Act of Parliament in New Zealand

The Plain Language Act 2022 (2022 No 54) is an Act of Parliament in New Zealand. The Act specifies the requirement of government officials to use plain, easily understood language when communicating with the public. It received royal assent on 21 October 2022.

==Provisions==
The Plain Language Act 2022 defines "plain language" as language that is appropriate to the intended audience and is "clear, concise, and well organised." It also sets out the criteria for government documents and public information that should use "plain language."

==Legislative history==
The Bill was first introduced to Parliament on 20 October 2021 by its sponsor Labour Member of Parliament (MP) Rachel Boyack. While Boyack, fellow Labour MPs Glen Bennett, Steph Lewis, Ingrid Leary, Ginny Andersen, and Willow-Jean Prime and Green Party Jan Logie argued that it would improve government communications with the public, the opposition National MPs Chris Bishop, Simeon Brown, and ACT MP James McDowall argued that the legislation was unnecessary and would be a waster of public expenditure. The bill passed its first reading on 15 February 2022 by a margin of 75 to 43 votes along partisan lines. While the Labour and Green parties supported the bill, it was opposed by National and ACT.

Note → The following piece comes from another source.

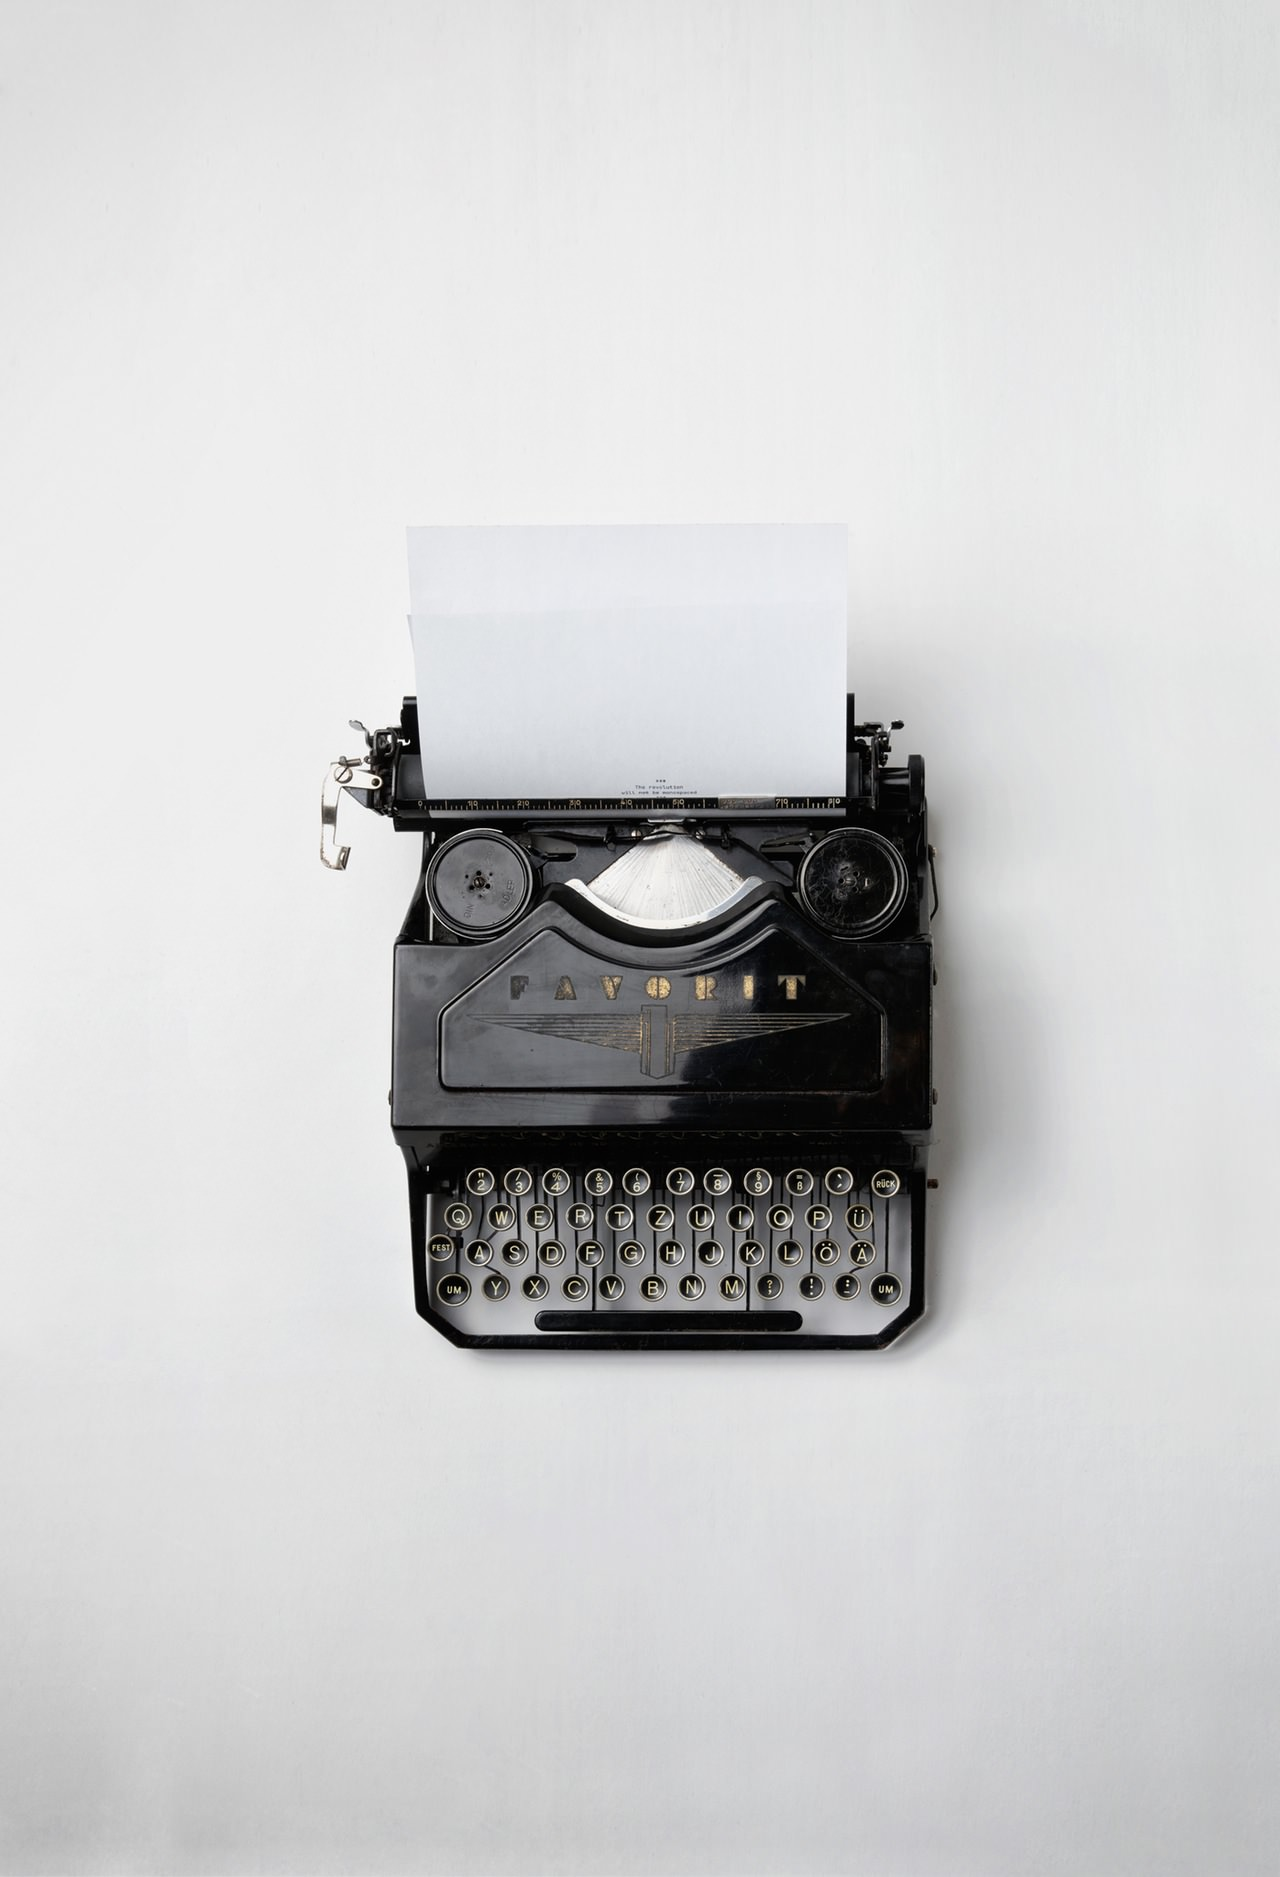 typing-vintage-technology-keyboard.jpg

The Bill passed its second reading on 31 August 2022 by a margin of 77 to 43 votes. While the Labour, Greens and Te Pāti Māori supported the Bill, it was opposed by National and ACT.

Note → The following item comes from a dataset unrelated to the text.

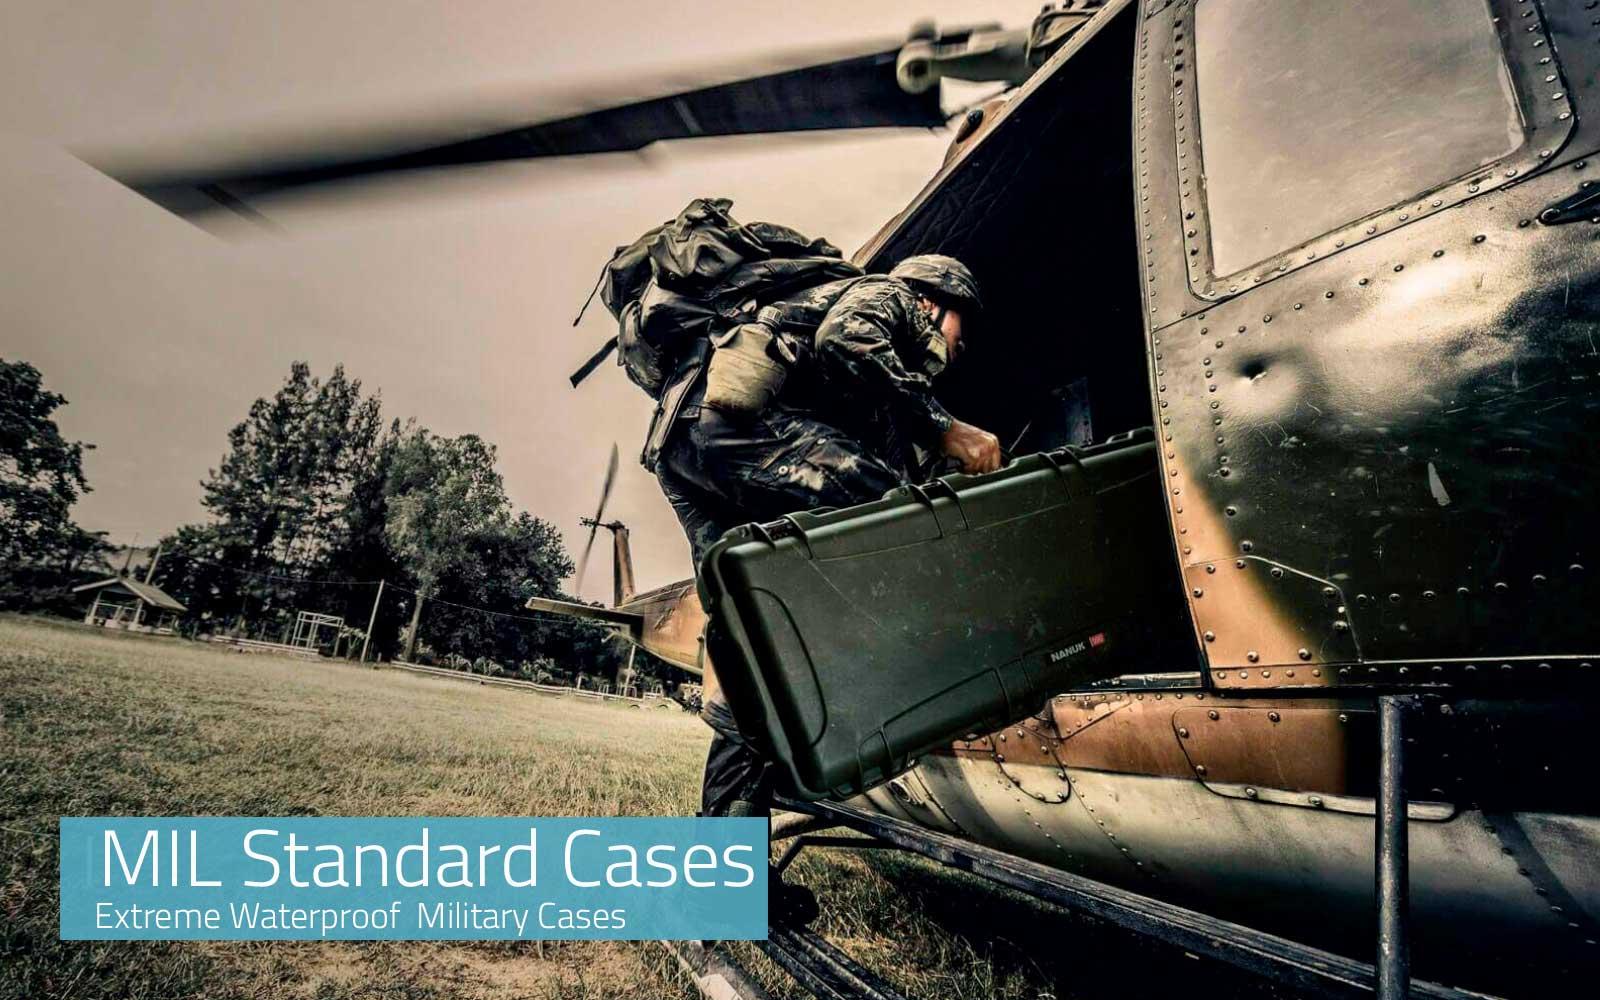 Military Waterproof Cases

The Bill's in-committee's debate was held on 21 September 2022. During the debate, National MP Judith Collins described the Bill as the "Lackadaisical Language Bill" and questioned whether Boyack had undertaken a study to ensure that the Māori language (Te Reo) had more "plain language" words. Fellow National MP Brown described the Bill as "a solution looking for a problem." Labour MP Naisi Chen defended the Bill, arguing that it would benefit people for whom English was a second language. Boyack defended the use of Te Reo in official documents and explained how the Bill would guide the Public Service's communications. National MPs Michael Woodhouse, Simon Watts and Gerry Brownlee also made speeches criticising the Bill while Labour MPs Jamie Strange and Sarah Pallett gave speeches defending the Bill. A motion to progress the Bill to its third reading passed by a margin of 77 (Labour, Greens, Te Pāti Māori and independent MP Gaurav Sharma) to 43 votes (National and ACT).

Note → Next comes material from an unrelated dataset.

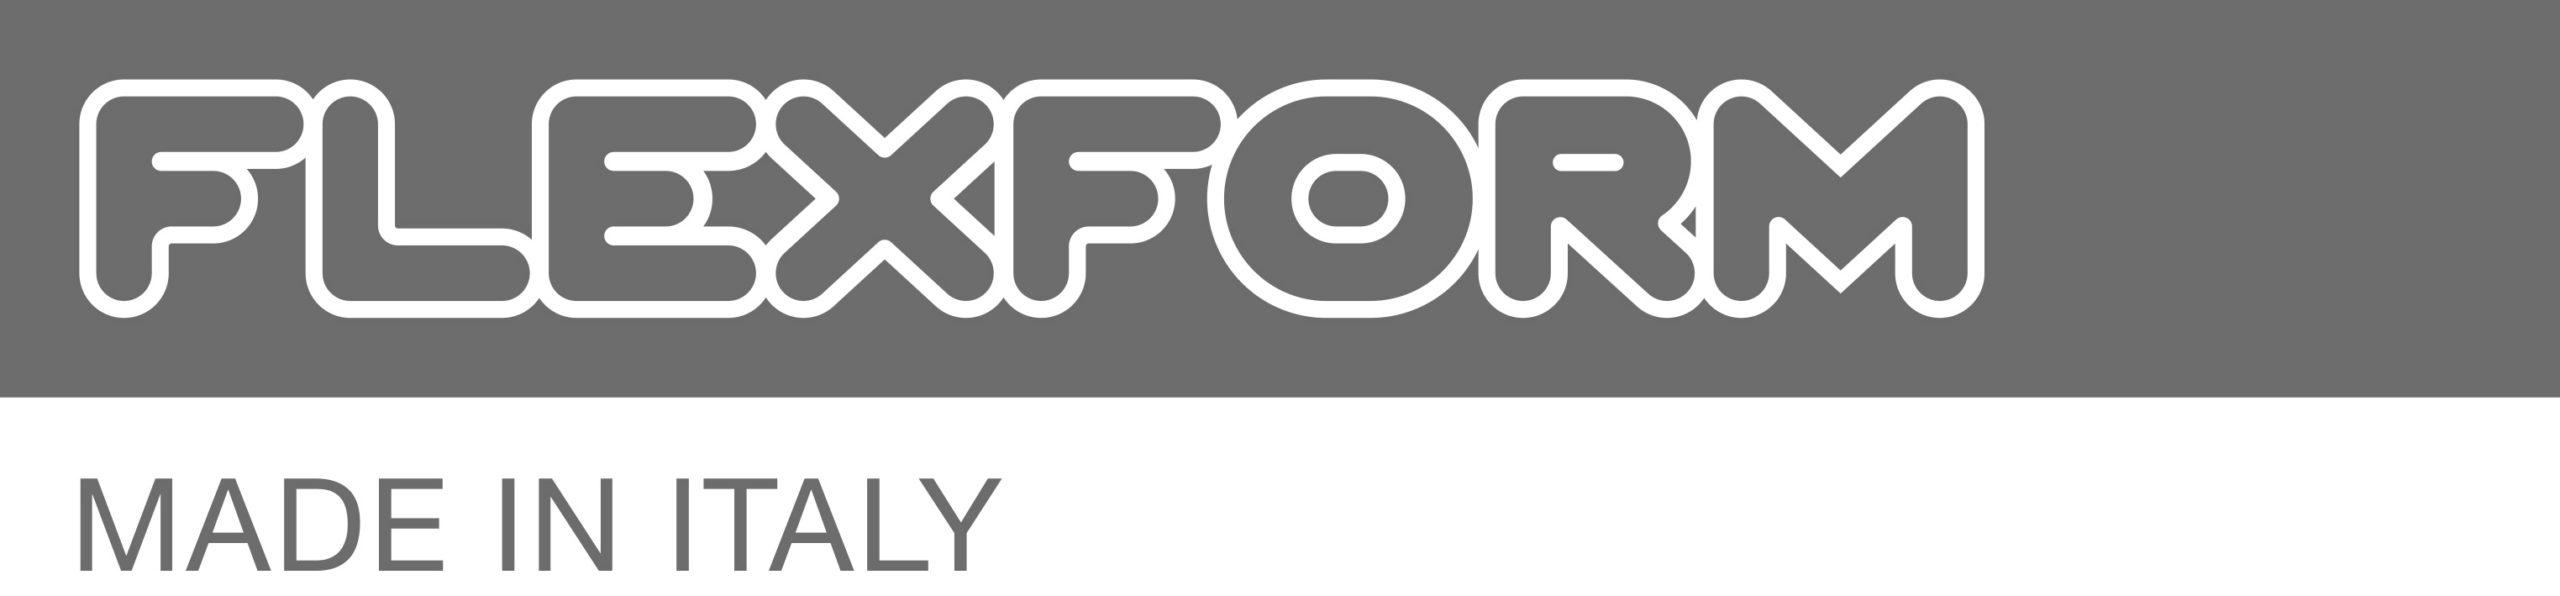 flexform logo neu

The Bill passed its third reading on 19 October 2022 by a margin of 76 to 42. It received royal assent on 21 October.

== Repeal efforts ==
In 2025, the Sixth National Government introduced legislation repealing the Plain Language Act. On 1 April 2025, Public Service Minister Judith Collins's KC repeal bill passed its first reading. Collins claimed that the legislation was unnecessary and stated that it "created a problem whereby plain language officers had to be appointed." In response, disability advocates including disability access consultant Callum McMenamin and Write Group CEO Lynda Harris argued the legislation was necessary in eliminating barriers for people with limited English proficiency, certain disabilities, low literacy or learning difficulties.